After about 1 hour and 30 minutes from the start of kneading, when the roll surface temperature reached 160 ° C. and the rubber surface temperature reached 110 ° C., vulcanization and pulverization of rubber began to be observed. At this time, the roll gap was set to 1.8 mm. The hollow powdered rubber obtained at this time was a collection of secondary aggregates having a particle size of about 500 μm, and kneading was continued for 30 minutes thereafter to obtain a chain of hollow powdered rubber aggregates.

The reason that the hollow powder rubber did not disperse and became a chain of aggregates is that the kneading section of the apparatus is in an open state during kneading, vulcanization and pulverization using a roll mill, so that the roll and rubber are not dispersed. It is supposed that the temperature rise is remarkably small, and that heat is released from the rubber when it comes out of the roll gap. Therefore, it is difficult to obtain the temperature most required for vulcanization, and a long operation time is required.

When the bulk specific gravity of the hollow rubber powder was measured in the same manner as in Example 1, the result of each measurement was 0.30 to 0.30.
It fell within the range of 0.40 g / cm ³ . The difference from Example 1 is considered to be due to the difference in the kneader. When the solvent and oil were absorbed by the obtained hollow powder rubber, the solvent absorbed about 7 to 8 times by weight, and the oil absorbed about 2.5 times the weight.

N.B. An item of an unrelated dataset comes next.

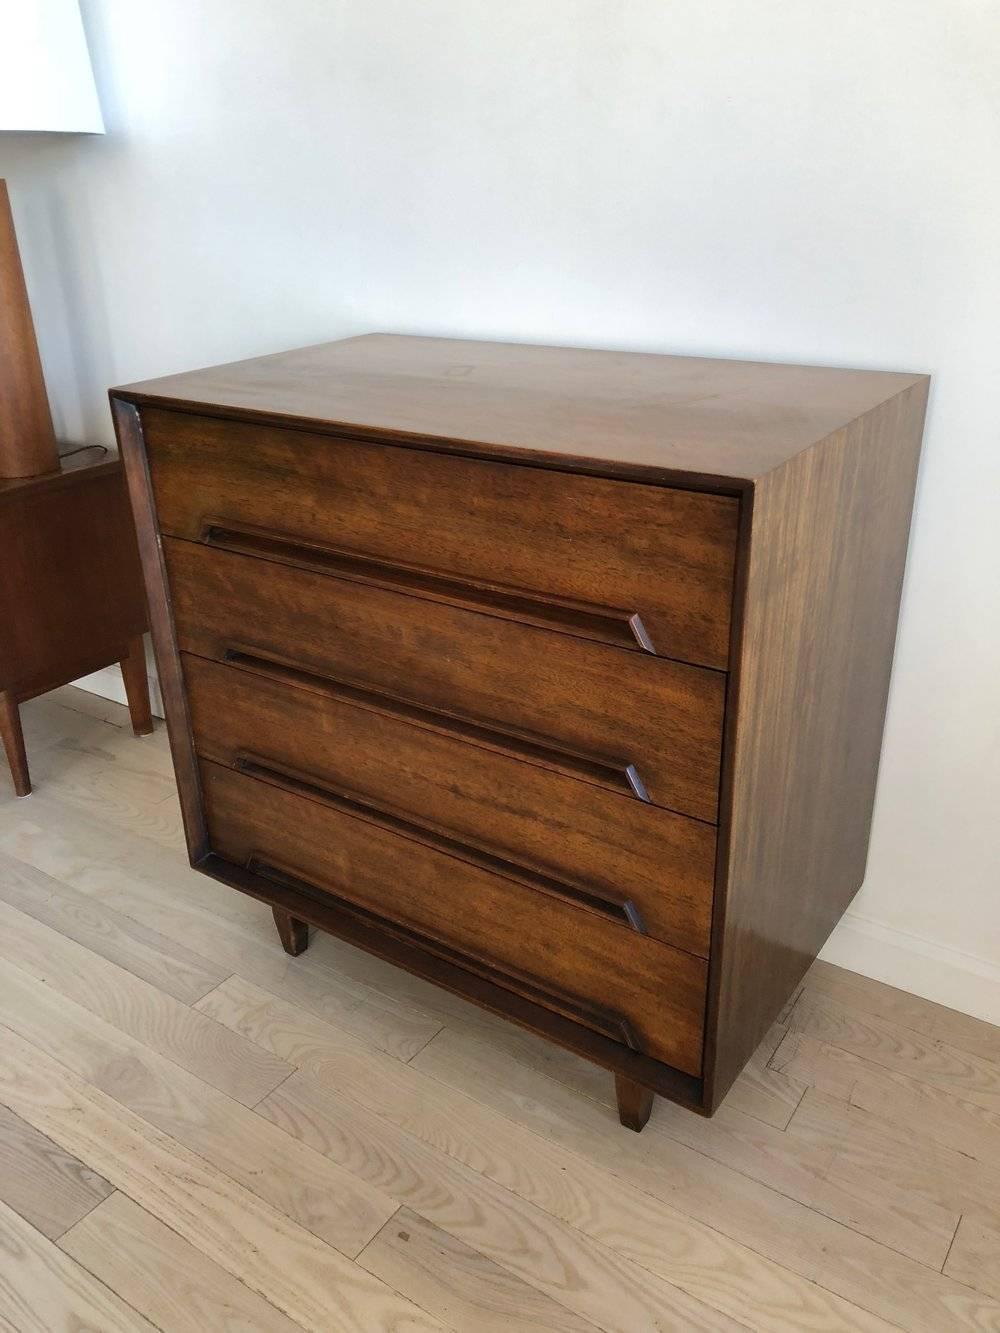 Awesome midcentury Milo Baughman for Drexel Perspective dresser. Four deep drawers, all pull smooth. Mahogany wood. Top drawer has sections. Excellent vintage condition. 

Measures: 32

Example 4 In order to pulverize the burrs of ethylene propylene rubber (EP) discharged in the factory, 50% of EP and 50% of unvulcanized BR are mixed into the kneader of Example 1. Rubber temperature is 1
When the temperature reached 00 ° C., the drugs shown in the following table were sequentially charged at intervals of 2 minutes. Then, kneading was performed for 60 minutes after the addition of the vulcanization accelerator CZ.

[0033]

[Table 2]

The bulk density of the resulting mixed hollow powder rubber is:
It was about 0.3 to 0.5 g / cm ³ . The absorption of the solvent is 5 to 6 times by weight, and about 2 times in the case of oil. In the case of BR (50%) EP (50%), the particle size distribution is 213 to 300 μm, 19% by weight, 300 to 300%.
47.5% by weight of 500 μm, 500-710 μm
m is 18% by weight. As the properties, the fluidity of the powder is good. It should be noted that the present invention is not limited to the above embodiment, and various modifications can be made within the scope of the claims.

[0035]

According to the present invention, hollow powder rubber can be provided because of the above constitution. Further, the powder rubber has a hollow portion, so that it has a good solvent or oil absorption performance and can be used as a solvent or oil absorber. In particular, since the bulk specific gravity is light, and after absorption, it agglomerates into a ball and floats on water, so it is suitable for oil leakage from the sea or river. Other materials that use foam properties, such as insulation materials and sound absorbing materials, fenders, non-slip materials for floors and roads, cushioning materials, building materials such as walls and floors, filler materials for reducing the weight of shoes and tires, roads And rubber and plastic fillers, oil fence materials, non-slip and cushioning materials such as furniture and stairs handrails, bathtub materials, compressor mist catchers, adsorbents for waste oil discharged from home kitchens, and gas adsorbents Can be used as

──────────────────────────────────────────────────続 き Continued on the front page (51) Int.Cl. ⁶ Identification code Agency reference number FI Technical display location B29K 105: 04 105: 24

Claims (4)

[Claims] 1. A vulcanized powder rubber, which has a large number of hollow portions on its surface, a particle size of 200 to 700 μm, and a bulk specific gravity of 0.15 to 0.3 g / c
powder rubber characterized by having a particle size of less than m ³ . 2. The powdery rubber according to claim 1, wherein the powdery rubber has a soft property in a muffled, plump form. 3. Vulcanized powder rubber, wherein the powder rubber contains the powder rubber according to claim 1 or 2. 4. An adsorbent for oil or a solvent, comprising the powdered rubber according to claim 1, 2 or 3 as a main raw material.